= William Garnett (civil servant) =

English civil servant (1793–1873)

William Garnett (1793–1873) was an English civil servant.

==Biography==
Garnett, born in London on 13 November 1793, was the second and posthumous son of Thomas Garnett of Old Hutton, Kendal, who married Martha Rolfe, and died in 1793. By the premature death of his father, the care of William and his elder brother Thomas devolved at an early age on their cousin, Mr. T.C.Brooksbank of the treasury under whom they were educated, and eventually placed in public offices. William was appointed to the office for licensing hawkers and pedlars in 1807, at the age of only thirteen and a half years, and afterwards transferred to the tax office, in which he rose to the highest positions.

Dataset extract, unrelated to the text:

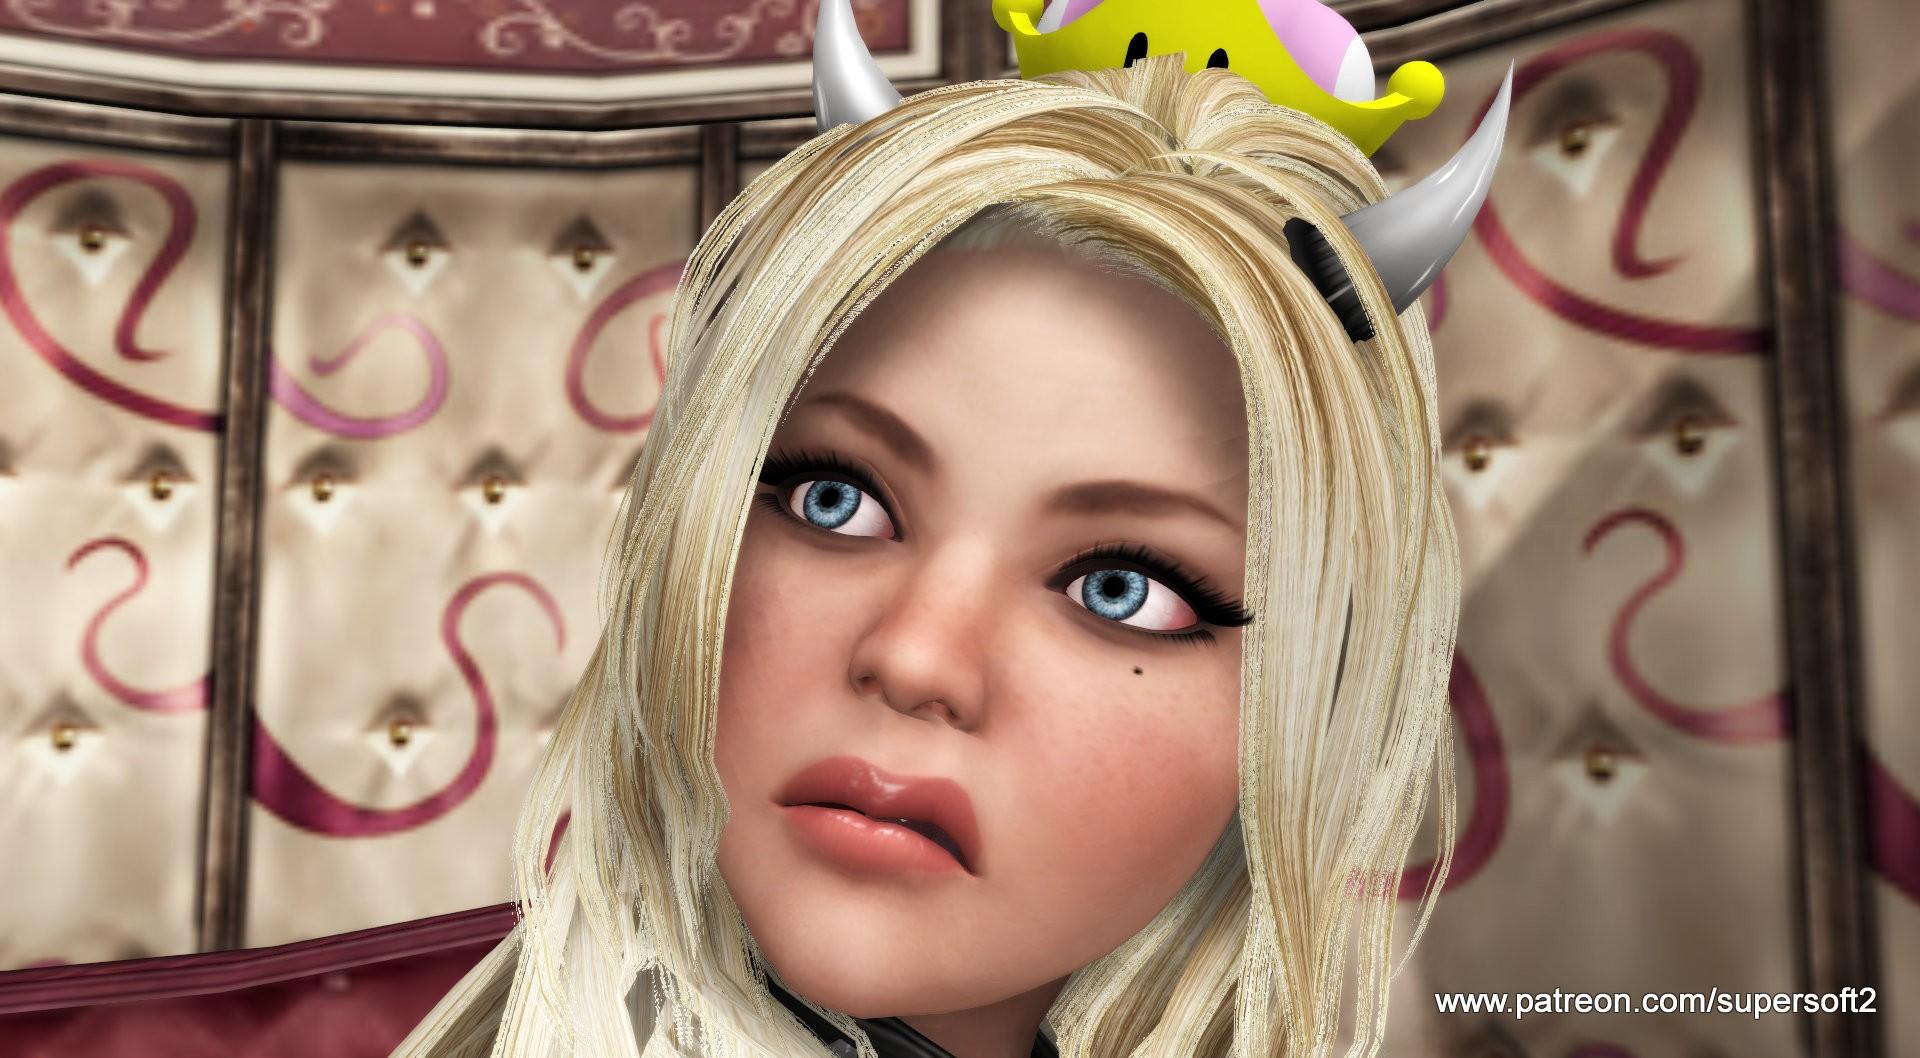 The Princess 32

He was deputy-registrar and registrar of the land-tax from 1819 to 1841, and was the author of valuable evidence on that subject given to the select committee on agricultural distress in 1836.

He was twice married: first, in 1827, to Ellen, daughter of Solomon Treasure, under-secretary for taxes, who died In 1819, by whom he had two sons, Frederick Brooksbank Garnett, created a C.B. in 1886 for his public services, and Arthur William; secondly, in 1834, to Priscilla Frances Smythe, who survived him for ten years. He died on 30 September 1873.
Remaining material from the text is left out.